Python Forum
Value_Counts Question - Printable Version

+- Python Forum (https://python-forum.io)
+-- Forum: Python Coding (https://python-forum.io/forum-7.html)
+--- Forum: General Coding Help (https://python-forum.io/forum-8.html)
+--- Thread: Value_Counts Question (/thread-2608.html)



Value_Counts Question - smw10c - Mar-28-2017

I hope you are all having a good day. I have a question in regards to the value_counts method. Why does the following code not work:


sal[sal['JobTitle'].value_counts()==1]

The error message is: 


IndexingError: Unalignable boolean Series key provided


RE: Value_Counts Question - nilamo - Mar-28-2017

sal[True] apparently doesn't make sense. If "JobTitle" is a valid key, why would a bool be valid?


RE: Value_Counts Question - smw10c - Mar-28-2017

(Mar-28-2017, 02:54 PM)nilamo Wrote: sal[True] apparently doesn't make sense.

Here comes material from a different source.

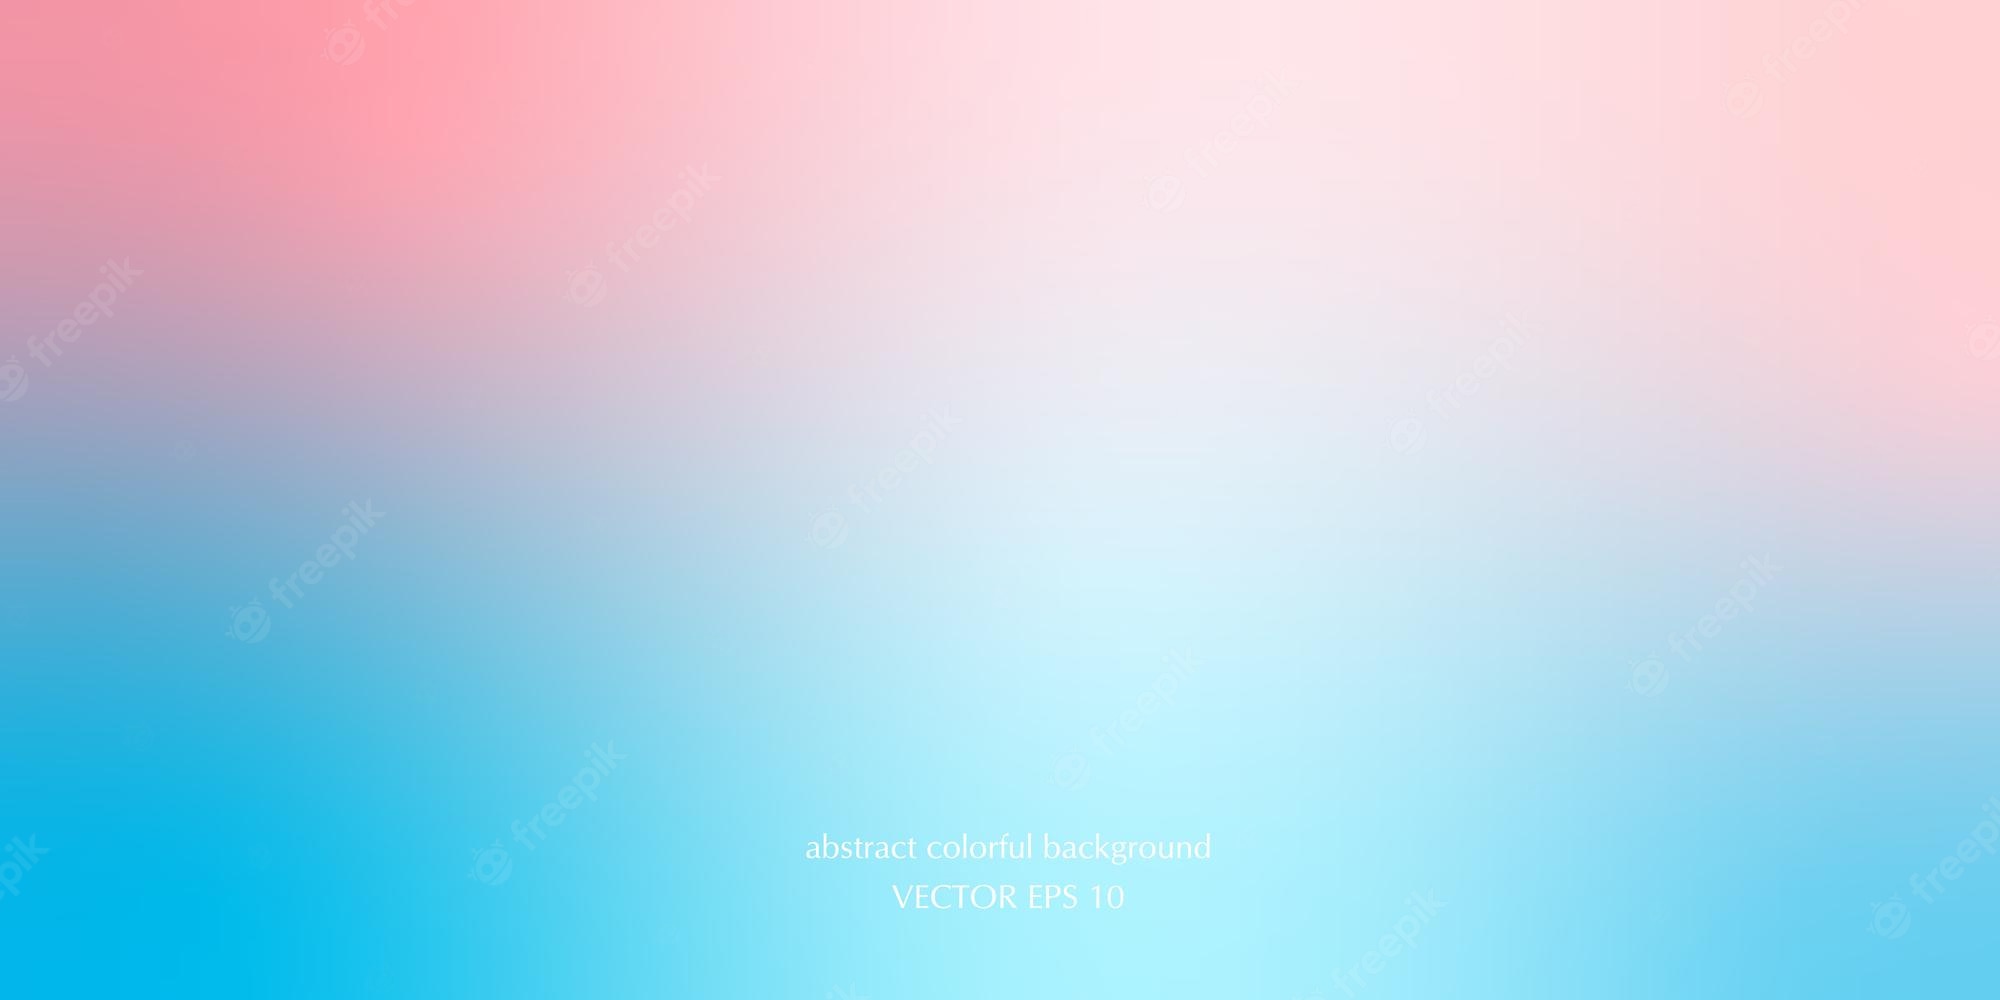 Premium Vector Abstract Colorful Background Blurred

If "JobTitle" is a valid key, why would a bool be valid?


What I'm trying to do is subset the dataset to where there is only one observation of a specific Job Title.


RE: Value_Counts Question - zivoni - Mar-28-2017

You cant use your value_counts() serie to index your dataframe - value_counts returns serie with length equal to a number of unique items in column "title", different from length of original dataframe.

You need to use something more complicated, like use value counts to get unique items (counted items form index of value_counts serie) and after that use dataframe selection with .isin() function.

Simple example with fictional data;
In [27]: df = pd.DataFrame({'title': ['steward', 'chef', 'cook', 'steward', 'cook'], 'value':[13,34,23,30,17]})

In [28]: counts = df.title.value_counts()

In [29]: counts
Out[29]: 
steward    2
cook       2
chef       1
Name: title, dtype: int64

In [30]: counts[counts==1]
Out[30]: 
chef    1
Name: title, dtype: int64

In [31]: df[df.title.isin(counts[counts==1].index)]
Out[31]: 
  title  value
1  chef     34